Process Converts Human Waste Into Rocket Fuel

Photo by Amy Stuart, UF/IFAS Communications. Pratap Pullammanappallil, a UF associate professor of agricultural and biological engineering, poses with an anaerobic digester used in a process he developed at NASA’s request to turn human waste into rocket fuel.

Adolescent jokes aside, the process finally makes useful something that until now has been collected to burn up on re-entry.
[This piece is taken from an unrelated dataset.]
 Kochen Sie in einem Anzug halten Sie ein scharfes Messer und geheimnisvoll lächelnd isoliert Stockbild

What’s more, like so many other things developed for the space program, the process could well turn up on Earth, said Pratap Pullammanappallil, a UF associate professor of agricultural and biological engineering.
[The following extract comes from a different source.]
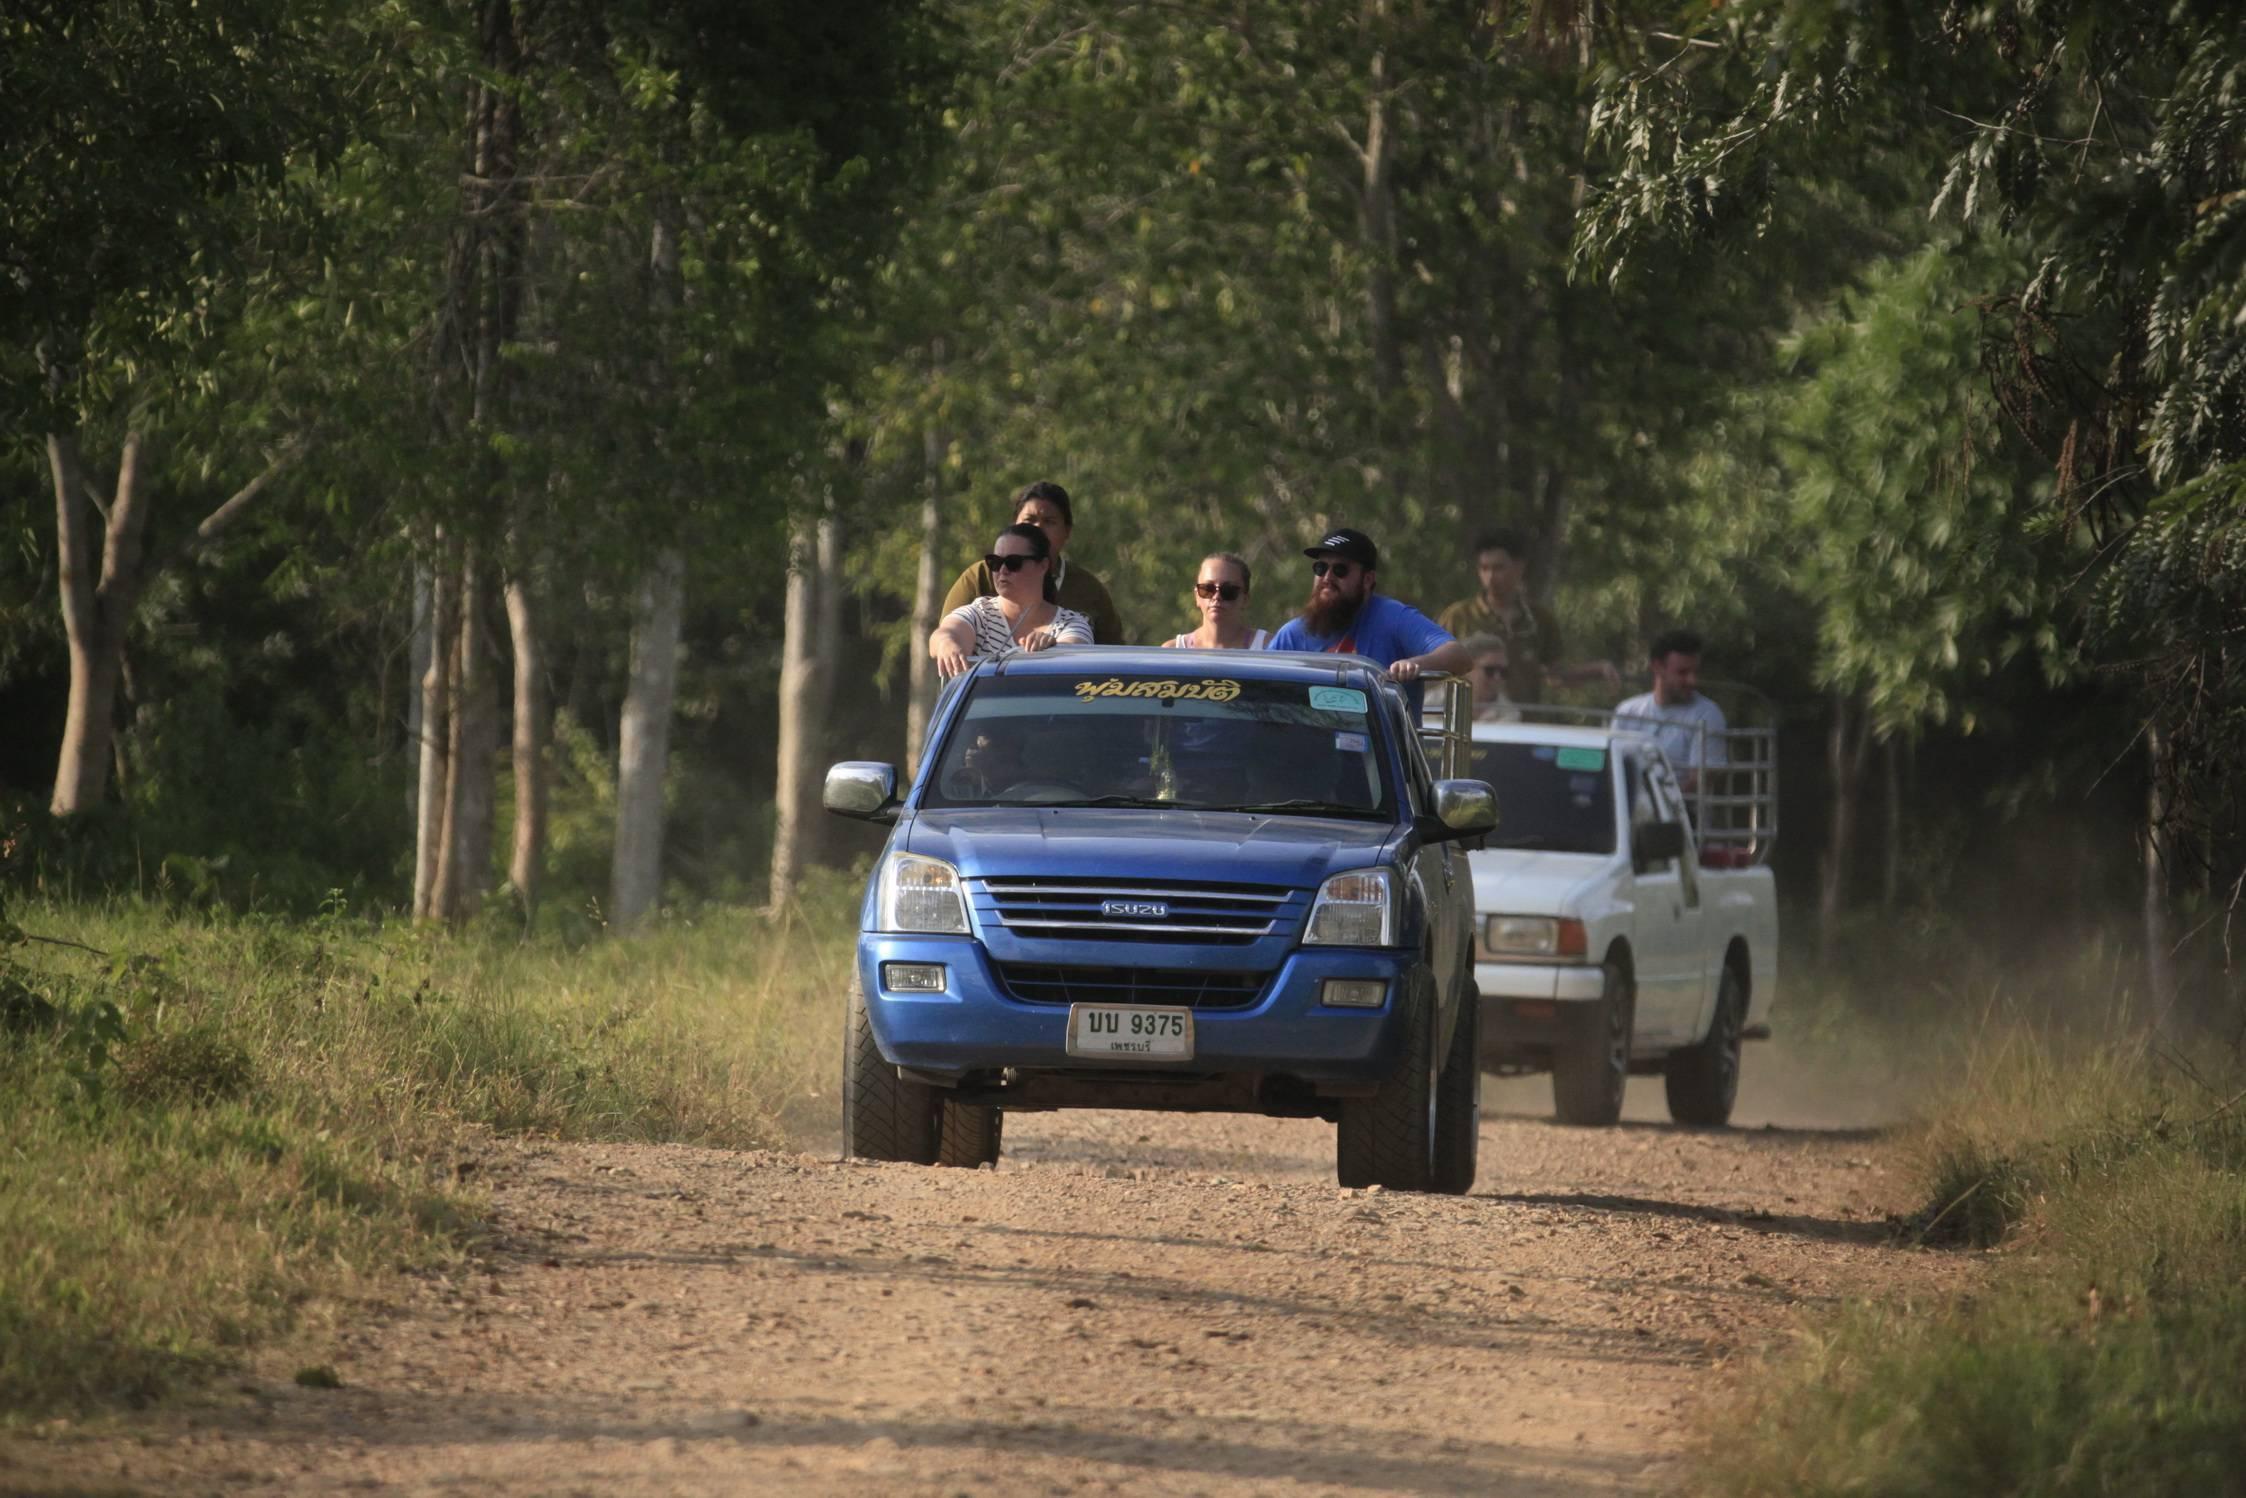 หนีร้อนมาผจญภัยป่าใหญ่ใกล้กรุงเทพฯ ที่อุทยานแห่งชาติกุยบุรี

“It could be used on campus or around town, or anywhere, to convert waste into fuel,” Pullammanappallil said.

In 2006, NASA began making plans to build an inhabited facility on the moon’s surface between 2019 and 2024. As part of NASA’s moon-base goal, the agency wanted to reduce the weight of spacecraft leaving Earth. Historically, waste generated during spaceflight would not be used further. NASA stores it in containers until it’s loaded into space cargo vehicles that burn as they pass back through the Earth’s atmosphere. For future long-term missions, though, it would be impractical to bring all the stored waste back to Earth.

Dumping it on the moon’s surface is not an option, so the space agency entered into an agreement with UF to develop test ideas.

Pullammanappallil and then-graduate student Abhishek Dhoble accepted the challenge.

“We were trying to find out how much methane can be produced from uneaten food, food packaging and human waste,” said Pullammanappallil, a UF Institute of Food and Agricultural Sciences faculty member and Dhoble’s adviser. “The idea was to see whether we could make enough fuel to launch rockets and not carry all the fuel and its weight from Earth for the return journey. Methane can be used to fuel the rockets. Enough methane can be produced to come back from the moon.”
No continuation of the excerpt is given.